I love your messages! I have a daughter with physical limitation and other medical issues related to her caudal regression syndrome (similar to spina bifida). We have an amazing support group called Hope, Inc. that gives these kids the opportunity to participate in sports and other activities at their own level. I find great encouragement from others who understand your challenges and can help in small ways. Would love for John to meet these kids!
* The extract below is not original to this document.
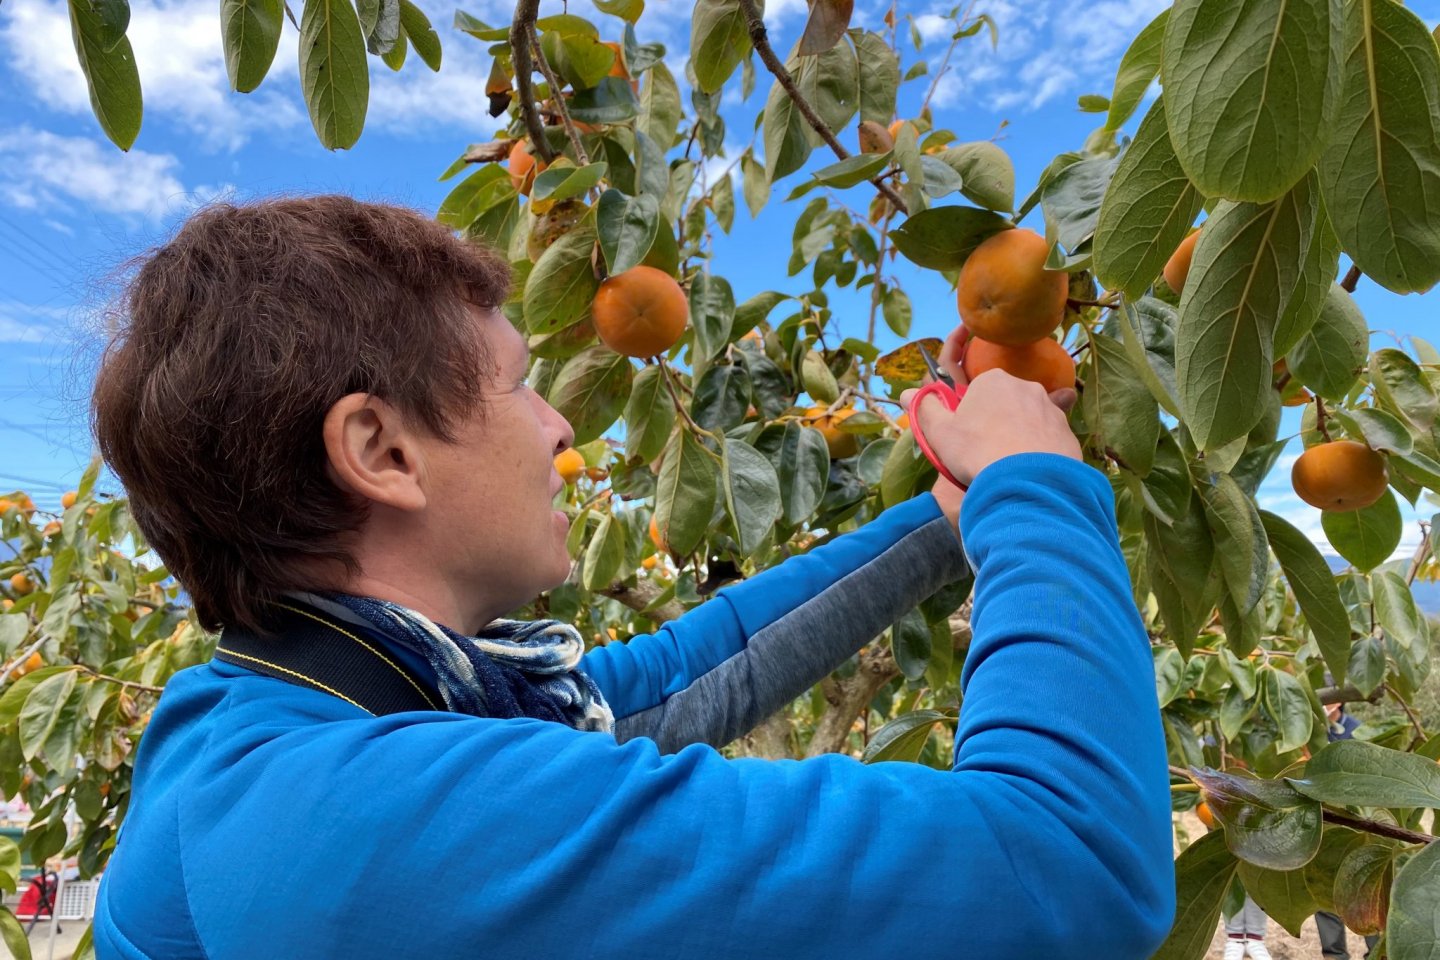 Picking persimmon is an autumn activity.
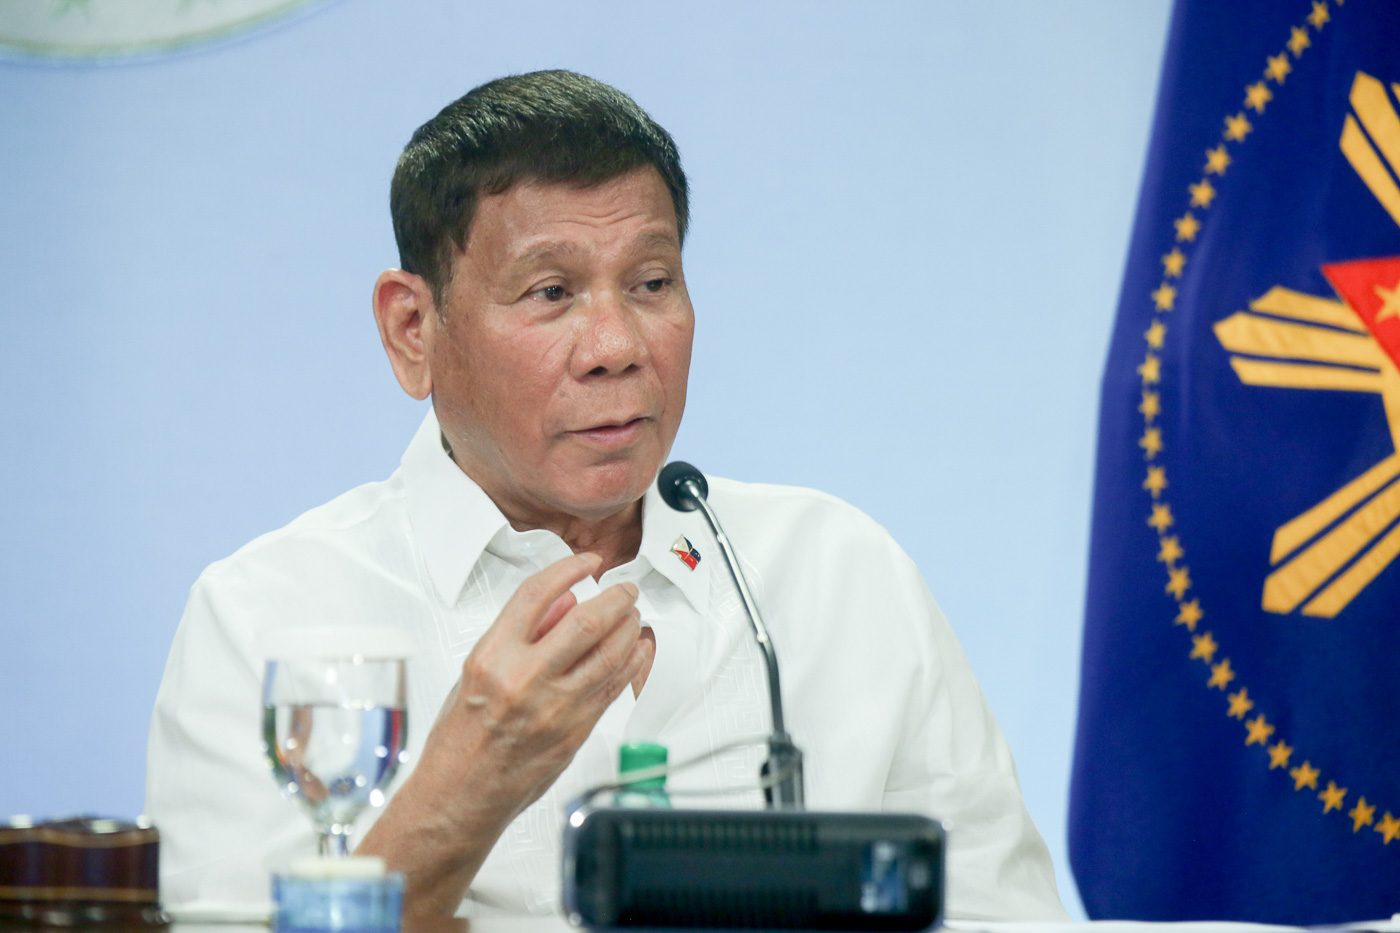 Roque on Duterte trash-talking Hague ruling: Media should ‘apply proper construction’

Teresa — I am so glad you have found such a great support in Hope, Inc. Thanks for your note and for ALL you do for your daughter and everyone you meet. Continue boldly — J

John, oh what memories this story brought back to me….too many to share here, but in short; I gave birth to my first child when I was only 5 months and 3 weeks pregnant, in 1968 a time when medical technology gave him only a 10% chance to live. His prematurity caused him to have ‘no useful vision’ for all practical purposes blind. It also caused a minor case of Cerebral Palsy. The story that first comes to mind was when he was about eight months old and just beginning to learn to sit up…he could get sitting up, but couldn’t figure out how to get down again. I kept helping him when I couldn’t stand his pitiful crying any longer. My husband kept telling me that if he could get himself sitting, he could get down. So when I got up to help him down one more time, my husband asked me to check on what the noise was in the backyard and as I went out the door he locked it. Would not let me back in until Shane had figured out how to get himself down and was happy as a lark and so proud of his new accomplishment. Not one time since then have I considered him incapable of doing anything he wanted to do. Today he is 45 years old, was married in October to a wonderful young lady who is also blind. They live in their own home unaided by attendants and are totally independent. By the Grace of God!! Tough love is TOUGH, but so worth it in the long run. Lynette

Very true john,
My son had a was born with a metabolic disordervthat limited his diet severely. Almost no protein. BTW you would be surprised what foods priotein hides in. As he grew we learned very quickly that life was not going to be fair for him. Nonetheless it was the life he had. He could either learn to focus on what he could do and enjoy life or focus on what was wrong and be miserable. I cannot tell you how hard it is to tell a 5 year old I am sorry you cannot have the nuggets, fries, cake or ice cream but you can have soda and play if you’d like. In time he learned to manage his own disease. Today he is a healthy young man that loves life, is a great vegetarian cook and exceeded all the dr.’s expectation. Most of life is not about the situation you find yourself but your response to that situation!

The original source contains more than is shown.